Common to these pathways is their effect on the rate of basal ecdysone synthesis, supporting the idea that CW corresponds to a threshold level of ecdysone that triggers nutrient-independent feedback activation of the metamorphosis-inducing neuroendocrine cascade. Insulin/TOR and PTTH signals convey different informational cues, and while it is clear that the information conveyed by the insulin/TOR pathway is nutritional in nature, it is less apparent what information PTTH might carry in pre-CW early-L3 animals. While PTTH communicates photoperiod information and imaginal disc developmental cues, recent work suggests that it carries nutritional information as well (Galagovsky et al. 2018). Furthermore, the PTTHn have extensive dendritic arbors, which suggests that they receive diverse inputs and therefore may represent an additional processing hub for the integration of extrinsic or intrinsic cues.
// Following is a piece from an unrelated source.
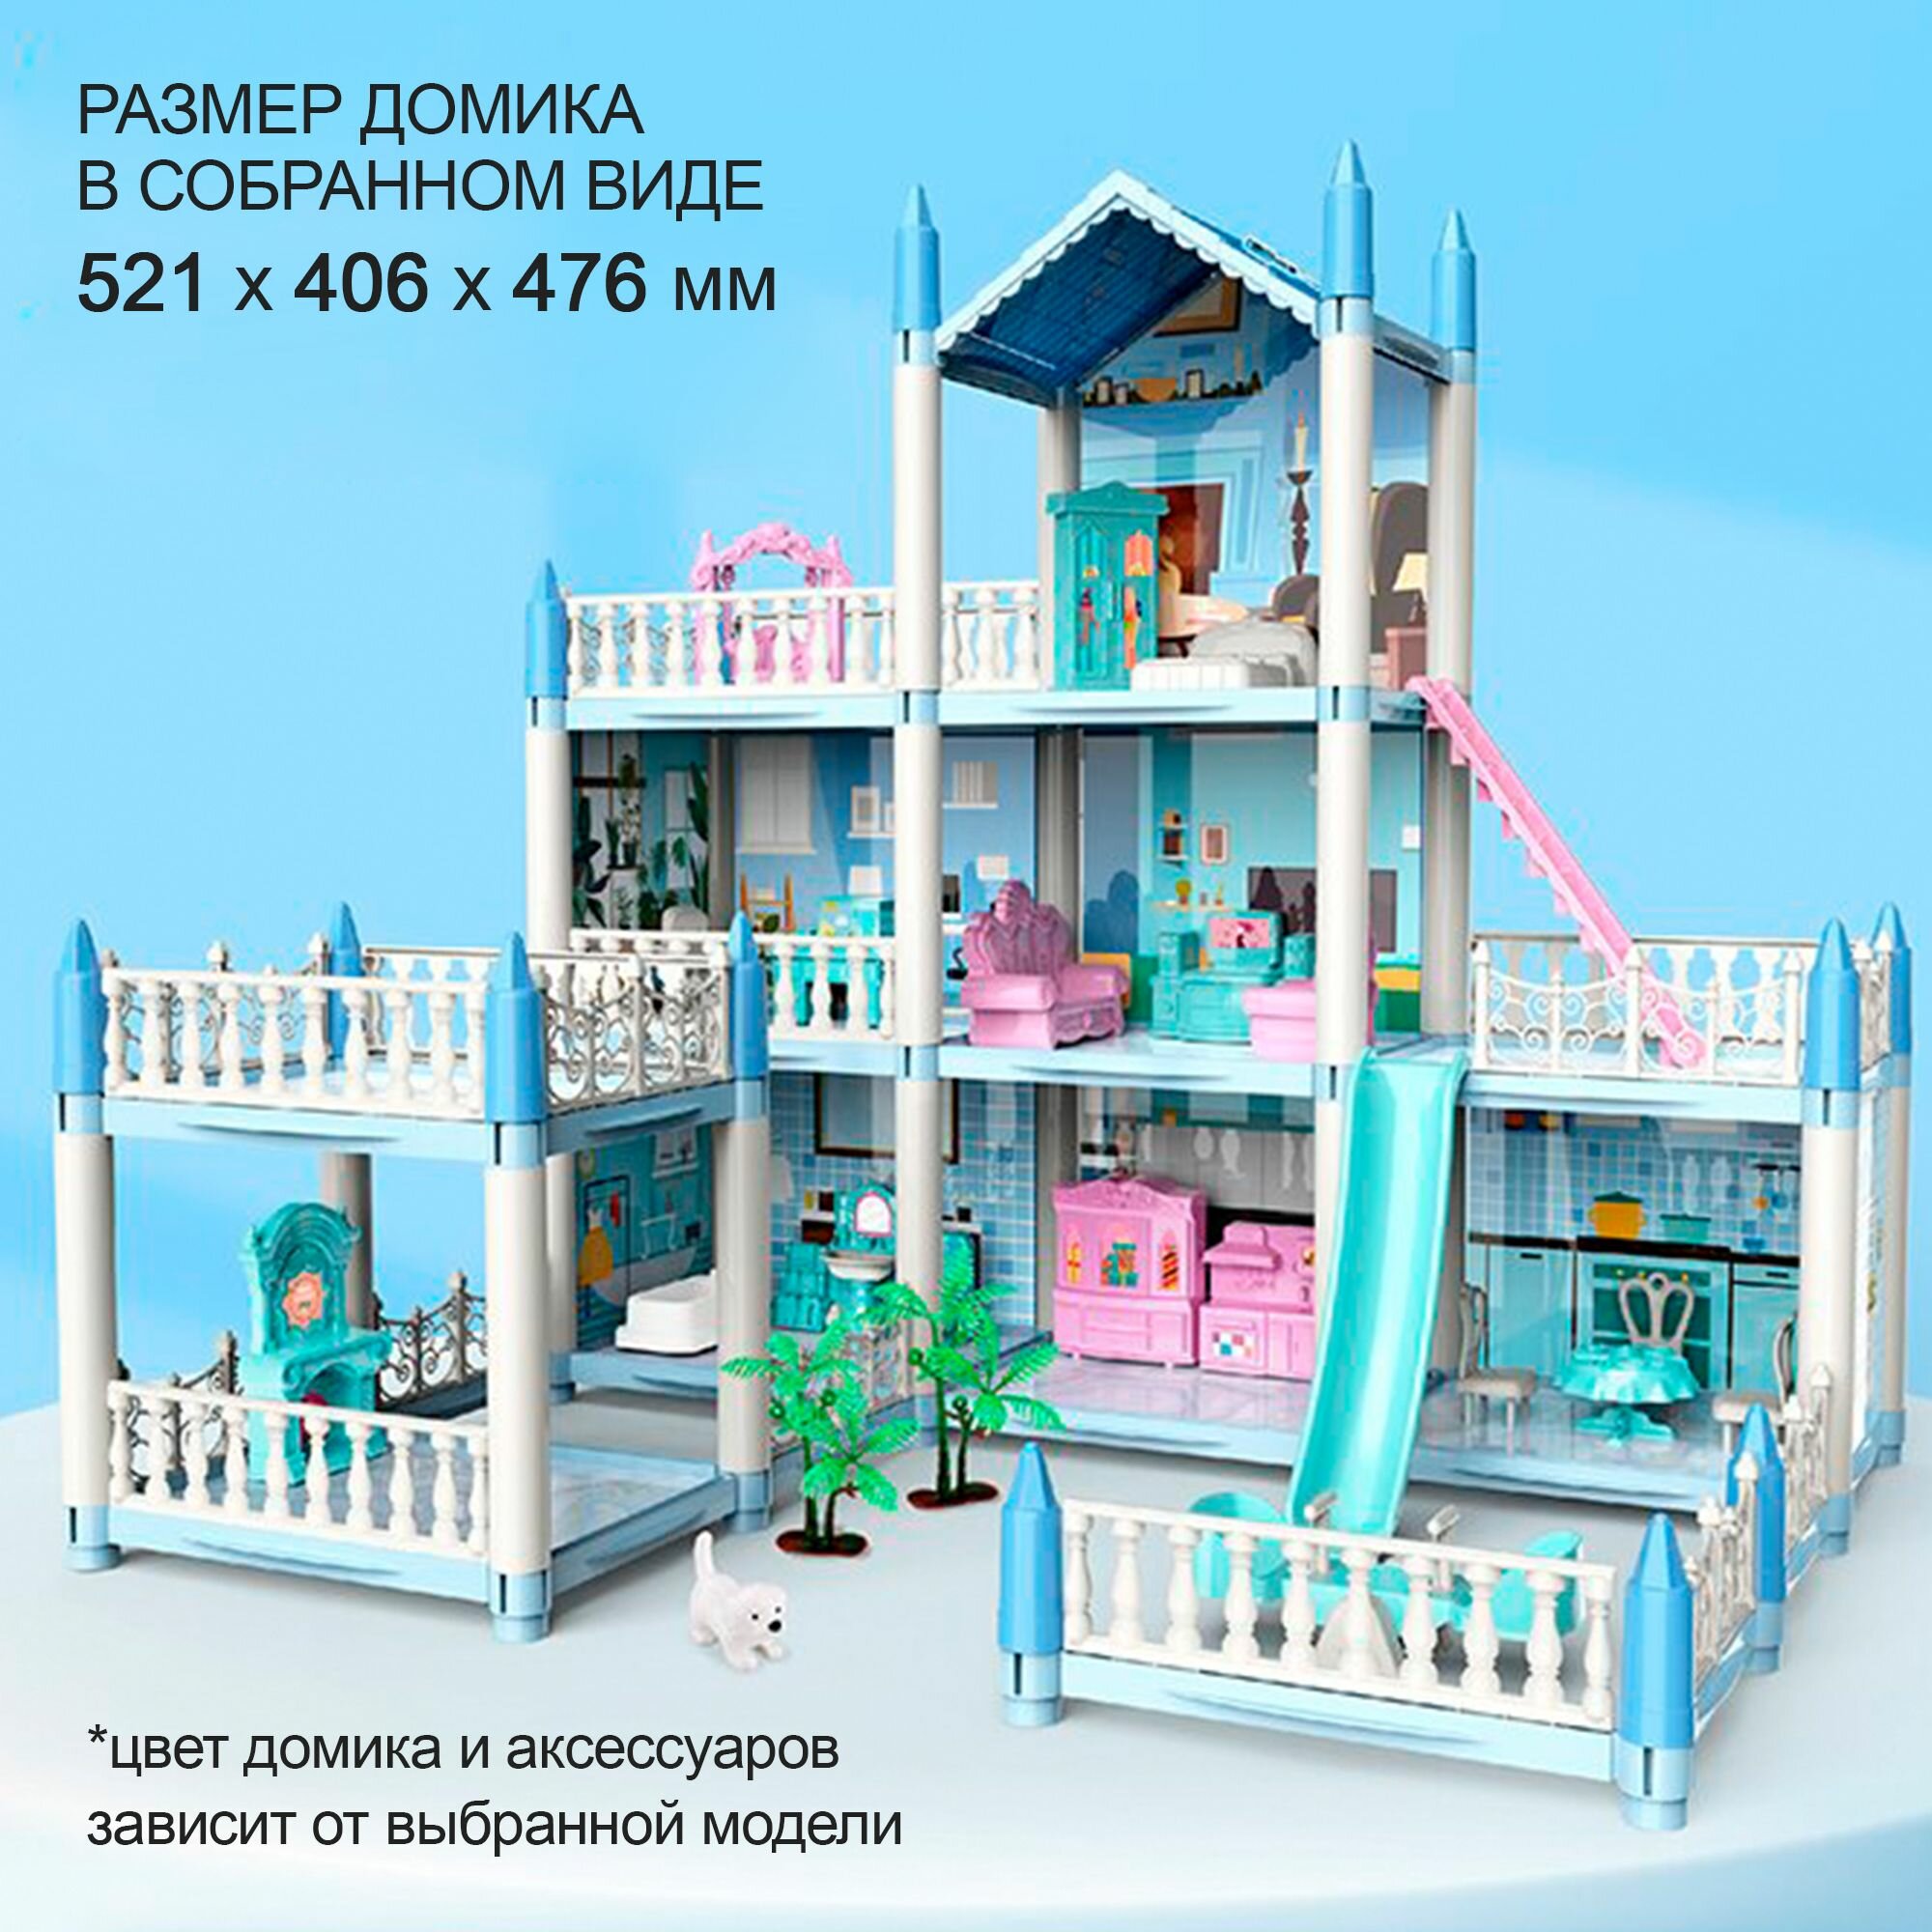 Кукольный домик с мебелью и куклами, игрушечный дом для кукол состоит из 3х этажей и 7 комнат
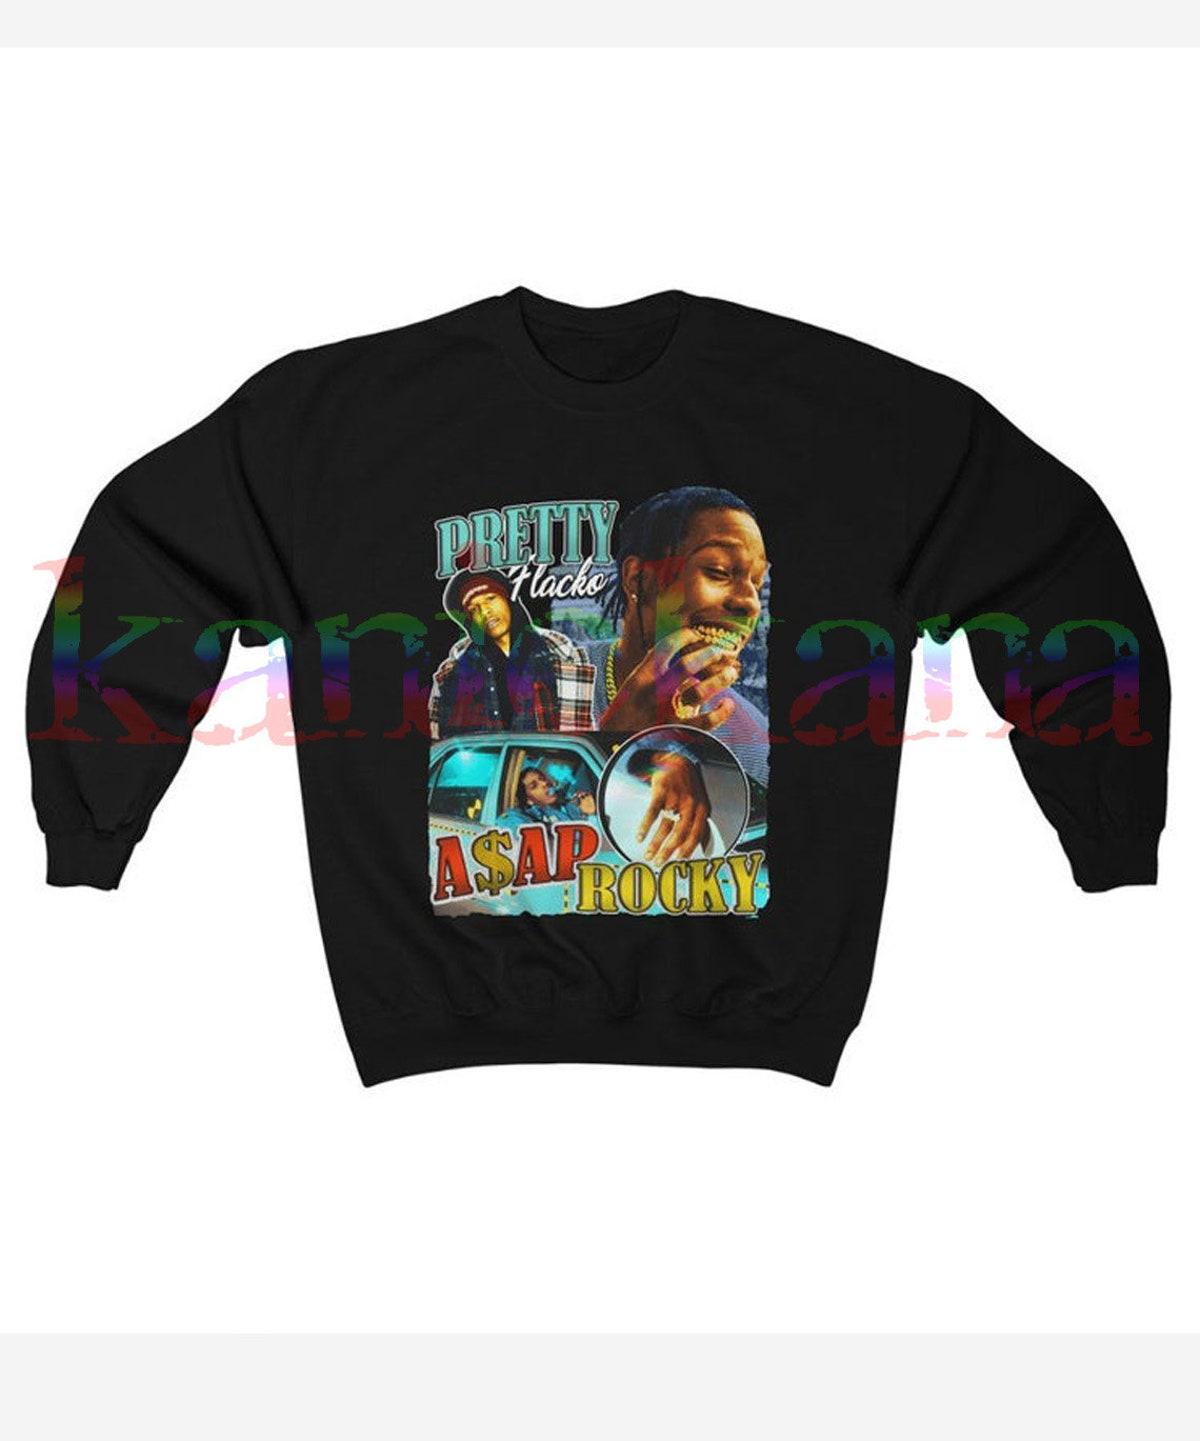 Sade Adu 90s Vintage T-shirt Gifts For Fans

Although CW is not altered by nutrition, other environmental factors such as oxygen and temperature do have effects on CW (Callier et al. 2013; Ghosh et al. 2013), implying that they affect ecdysone production. As discussed in detail above, these environmental cues are sensed by central and peripheral mechanisms and integrated via the IPCs. Since insulin is involved in setting CW and also affects ecdysone production, this provides a mechanism by which environmental factors can modulate CW. Information about temperature and oxygen might also be integrated directly by the PG to affect CW. In other insects, reports indicate that ecdysone production is inhibited PG-autonomously and PTTH-independently by hypoxia (DeLalio et al. 2015) and lower temperatures mimicking the overwintering phase (Meola and Adkisson 1977). Another interesting possibility is that these factors may modulate CW through effects on PTTH release. Taken together, the mechanisms of CW assessment are complex, and although they have not been completely defined, they clearly depend on interplay between nutrient-sensing and neuroendocrine pathways.
Disc checkpoint:
Organ growth must be coordinated across the entire body and with developmental transitions to ensure that different organs have each attained an appropriate size before maturation can be initiated. In a broad range of insect species, the growth of juvenile appendages or imaginal discs (in hemi- and holometabolans, respectively) is tightly coupled with the timing of molting, including metamorphic molts (Hackney and Cherbas 2014). This coordination is ensured in Drosophila by a developmental checkpoint that monitors the growth of imaginal disc tissues. Early studies established that growing or damaged imaginal discs produce a factor that can delay pupariation. Growth-altering genetic perturbations to the discs, radiation-induced damage to these tissues, tumor-like abnormal growth, or transplantation of damaged discs delays the metamorphosis of Drosophila larvae, whereas complete X-ray-induced ablation of the discs does not (Russell 1974; Simpson and Scheinderman 1975; Simpson et al. 1980; Poodry and Woods 1990). These studies suggested that proliferating discs emit a humoral signal that inhibits ecdysone production, thus signaling local growth perturbations to the neuroendocrine system that control developmental timing (Bourgin et al. 1956; Stieper et al. 2008). This delay allows damaged or slow-growing discs the time to regenerate or to catch up to their appropriate size. Foundational studies also showed that discs transplanted from a developing larva into the abdomen of an adult would terminate growth at their normal size (Bryant and Levinson 1985), suggesting that their growth is governed in large part by organ-intrinsic mechanisms. However, perturbation of one disc in an animal slows the growth of the undamaged discs, thus maintaining appropriate proportionality between organs. This coordination of growth also occurs between different compartments within the same disc, suggesting that the undamaged compartments slow their growth while the injured part regenerates to retain tissue shape (Repiso et al. 2013). The disc-health checkpoint therefore delays developmental progression to coordinate growth between regenerating and intact tissues to maintain correct final proportions.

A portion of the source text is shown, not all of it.